Vicat announces FY20 sales of EUR2805m

Vicat announces FY20 sales of EUR2805m
17 February 2021

Vicat announced FY20 sales of EUR2805m, up 5.5 per cent from EUR2740m in FY19. EBITDA rose to EUR557m, up by 10.1 per cent LfL and EBIT increased to EUR298m, a rise of 17.5 per cent LfL. 

Vicat’s consolidated net income reached EUR172m, up 17.5 per cent LfL from EUR160m in FY19. Cash flow totalled EUR461m up 12.9 per cent LfL and net debt fell to EUR1202m, down EUR88m. Leverage is at 2.16x.

EBITDA rose by EUR26m in the Americas, EUR14m in Asia, EUR9m in Africa and EUR1m in Europe. EBITDA fell by EUR9m in France and by EUR7m in the Mediterranean. Capital expenditure amounted to EUR300m of which almost half was invested on the new kiln line at the Ragland cement plant, Alabama, USA.

Geographical performance
In France sales totalled EUR963m in FY20, a decline of 3.5 per cent LfL from EUR987m in FY19. EBITDA in France also declined to EUR171m, a fall of 7.3 per cent from EUR182m in FY19. Vicat reported it had near-shutdown in mid-March but a strong 2H20 in its domestic market, while lower energy costs and the cost-cutting plan offset lower demand. 

In Europe FY20 sales amounted to EUR423m, up 1.2 per cent LfL from EUR401m in FY19. EBITDA increased to EUR97m up from EUR96m in FY19. The Swiss market was barely affected by the pandemic, but in Italy sales fell by 10.5 per cent and EBITDA was down by 34.4 per cent.

In the Americas FY20 sales rose to EUR636m, up 17.2 per cent LfL from EUR589m in FY19. Infrastructure and residential markets continued to grow. In Brazil sales reached EUR156m, rising by 49 per cent. Brazilian EBITDA also rose to EUR43m from EUR29m in FY19.

Asian sales in FY20 totalled EUR248m, down by 0.1 per cent LfL from EUR375m in FY19. India saw a complete shutdown for almost a month in 1H20. The recovery came in the 4Q20, but Indian sales reached EUR286m in FY20, down 0.5 per cent on FY19. Kazakhstan had a sharp increase in 1Q20 export markets and the operating environment deteriorated in 2Q-3Q before volume growth returned in September. 

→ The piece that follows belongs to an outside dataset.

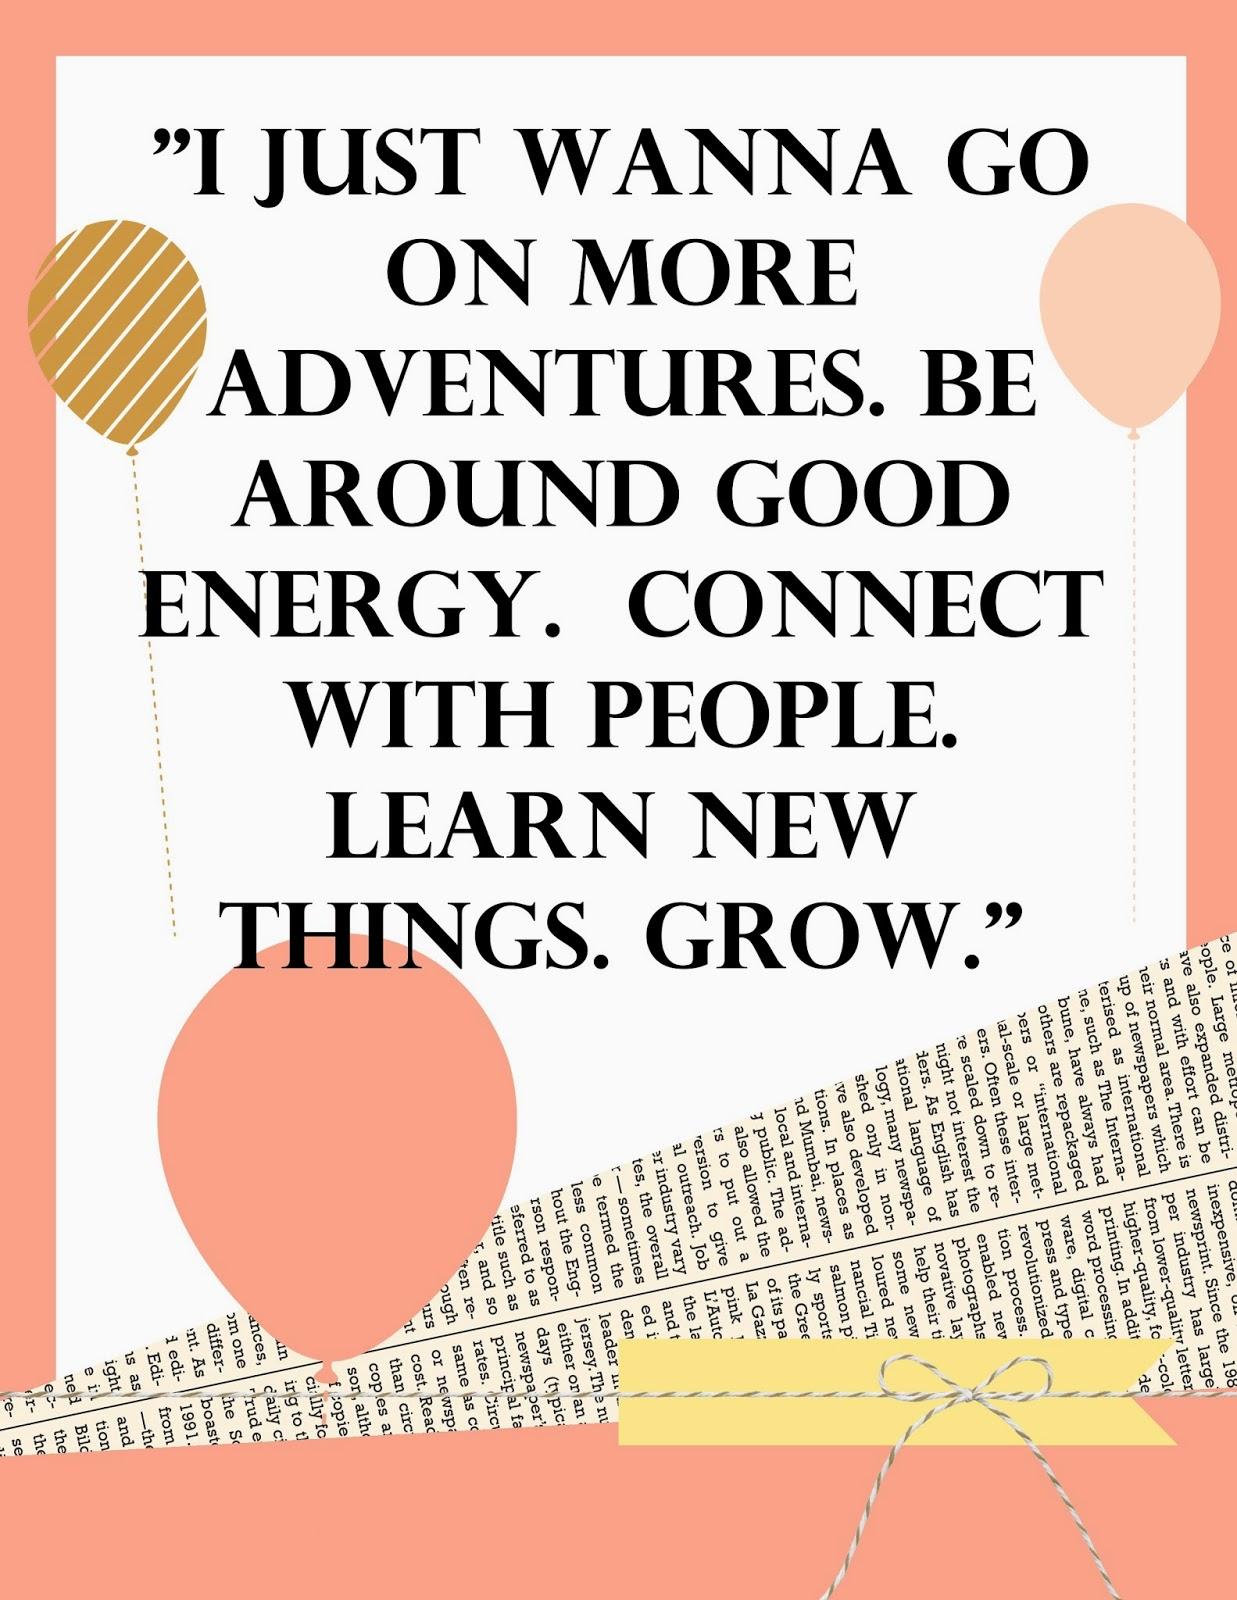 adventures, energy, good, people, learn, new, grow

In the Mediterranean FY20 sales reached EUR173m, up 19.1 per cent LfL on EUR171m in FY19. EBITDA declined by EUR11m, having fallen by EUR4m in FY19. Turkish sales reached EUR124m, up 19.4 per cent and Turkish EBITDA reached EUR8m, down by 24.8 per cent on FY19. Egyptian FY20 sales totalled EUR49m, up 18.2 per cent LfL and EBITDA suffered a loss of EUR19m. Cement prices also decreased during the year.

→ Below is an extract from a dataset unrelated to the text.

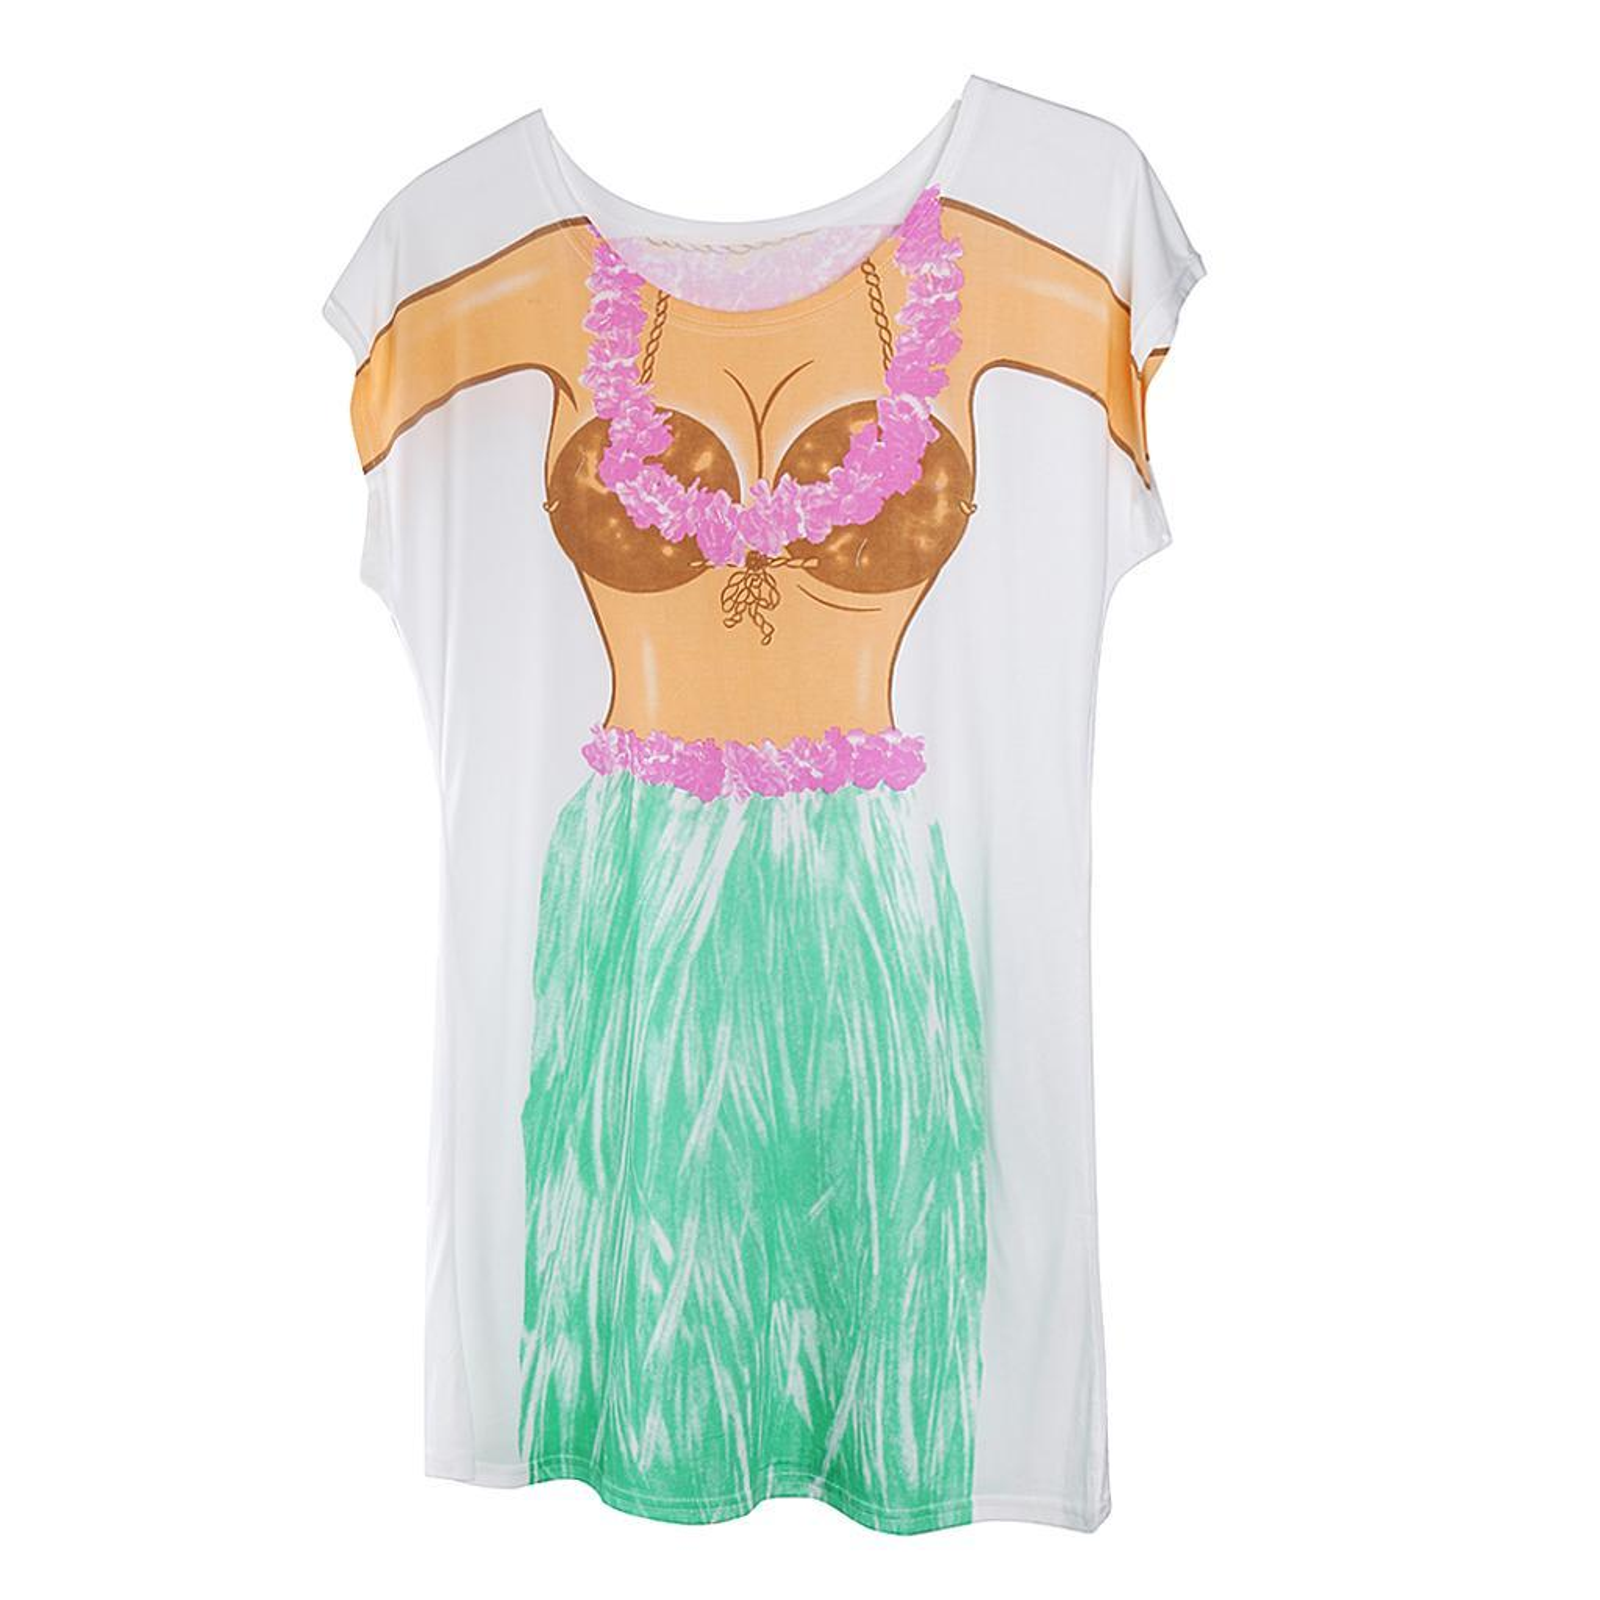 Womens-Bikini-Hawaiian-Summer-Beach-T-Shirt-Cover-Ups-Souvenir-Hen-Night-Pajamas thumbnail 57
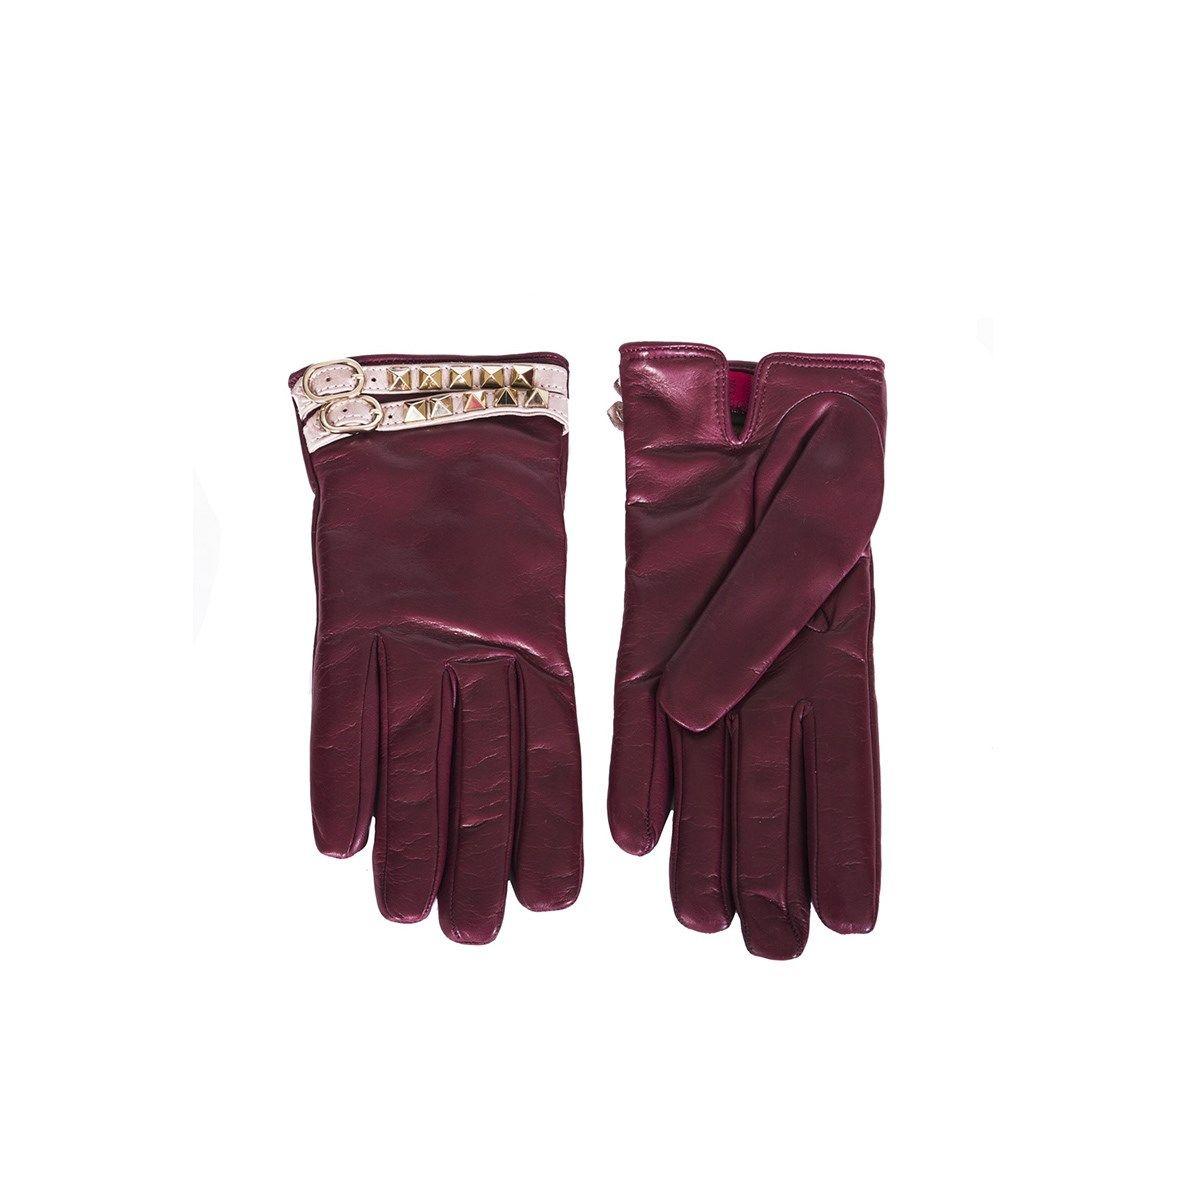 Burgundy Rockstud Gloves

African FY20 sales totalled EUR262m, a rise of 20.8 per cent LfL from EUR217m in FY20. EBITDA reached EUR56m compared to EUR47m in FY19. Cement sales dreamed by 15 per cent thanks to strong demand in Senegal. Other West African countries also saw increases in activity supported by a rapid ramp-up of Cement Matériaux du Mali’s subsidiary grinding plant and strong momentum in Mauritania. Meanwhile, government projects stoppages in Senegal held back aggregate sales. 

Climate reporting
Net CO2 emissions per tonne of cement produced in France fell by 15 per cent between 1990 and 2019. The group (operating in 12 countries) has committed to reducing CO2 emissions to 504kg net CO2 per tonne of cement by 2030. This equals a reduction of 13 per cent between 2019-30. Carbon neutrality has been targeted by 2050. The clinker factor is targeted to be decreased to 75 per cent in 2030 from 81 per cent in 2019 and alternative fuel usage will rise from 26 per cent in 2019 to 40 per cent in 2030. 

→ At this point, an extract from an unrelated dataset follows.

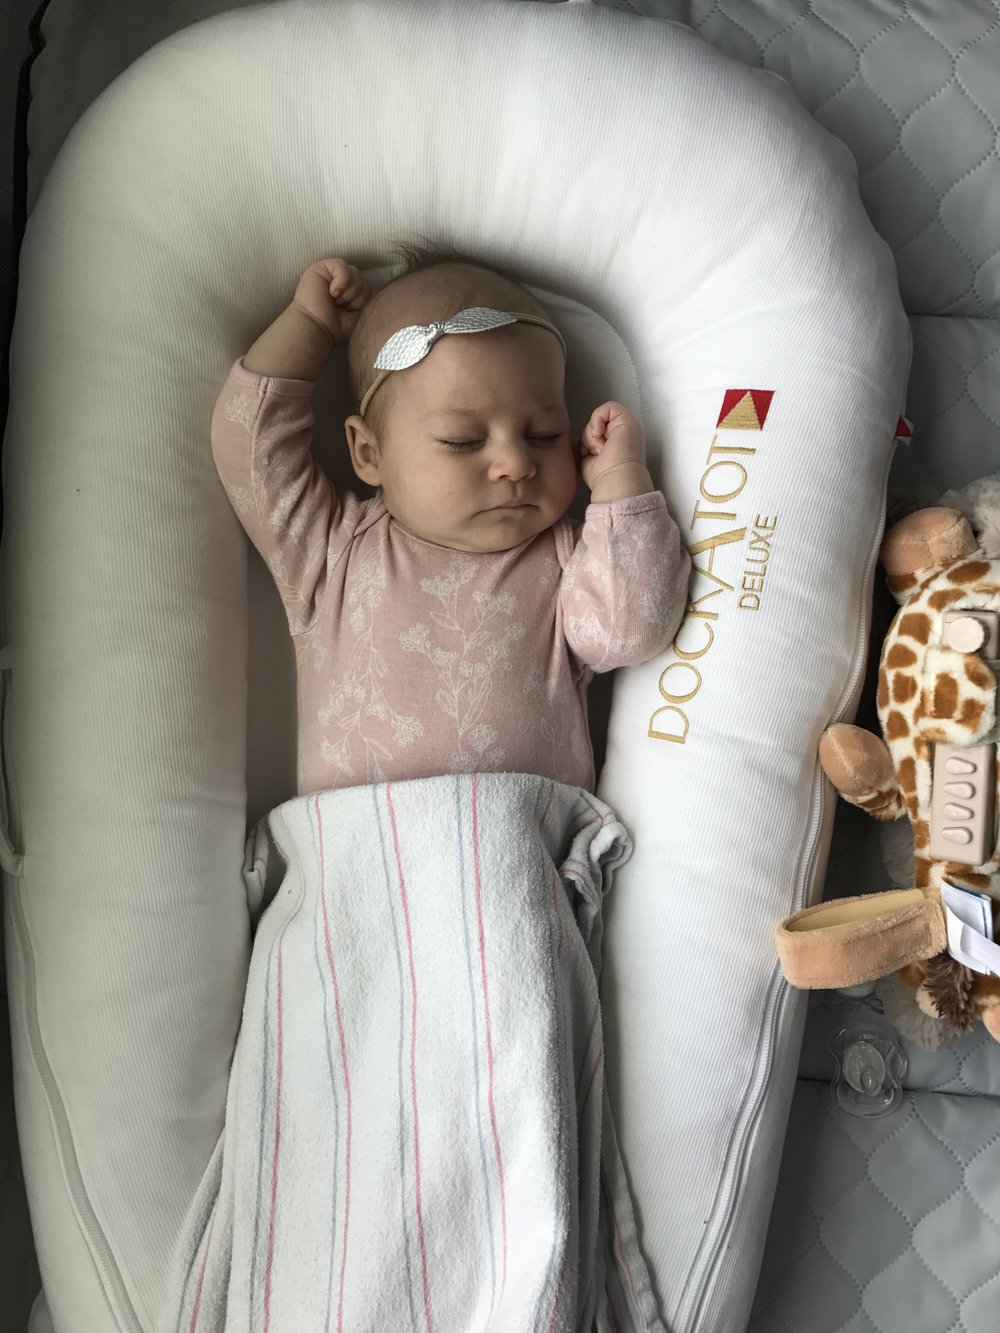 Alexa-Jean-Brown-Blake-baby

The group's operations are still expected to be significantly affected by the pandemic in 2021 but to varying degrees depending on individual government responses. Business levels are highly volatile. Other negative factors are unfavourable exchange rates and energy costs. The group will continue construction at the Ragland plant in the USA, boost capacity at plants in India and build new terminals while ramping up CO2 reduction. Investment in production facilities is estimated to EUR365m in 2021.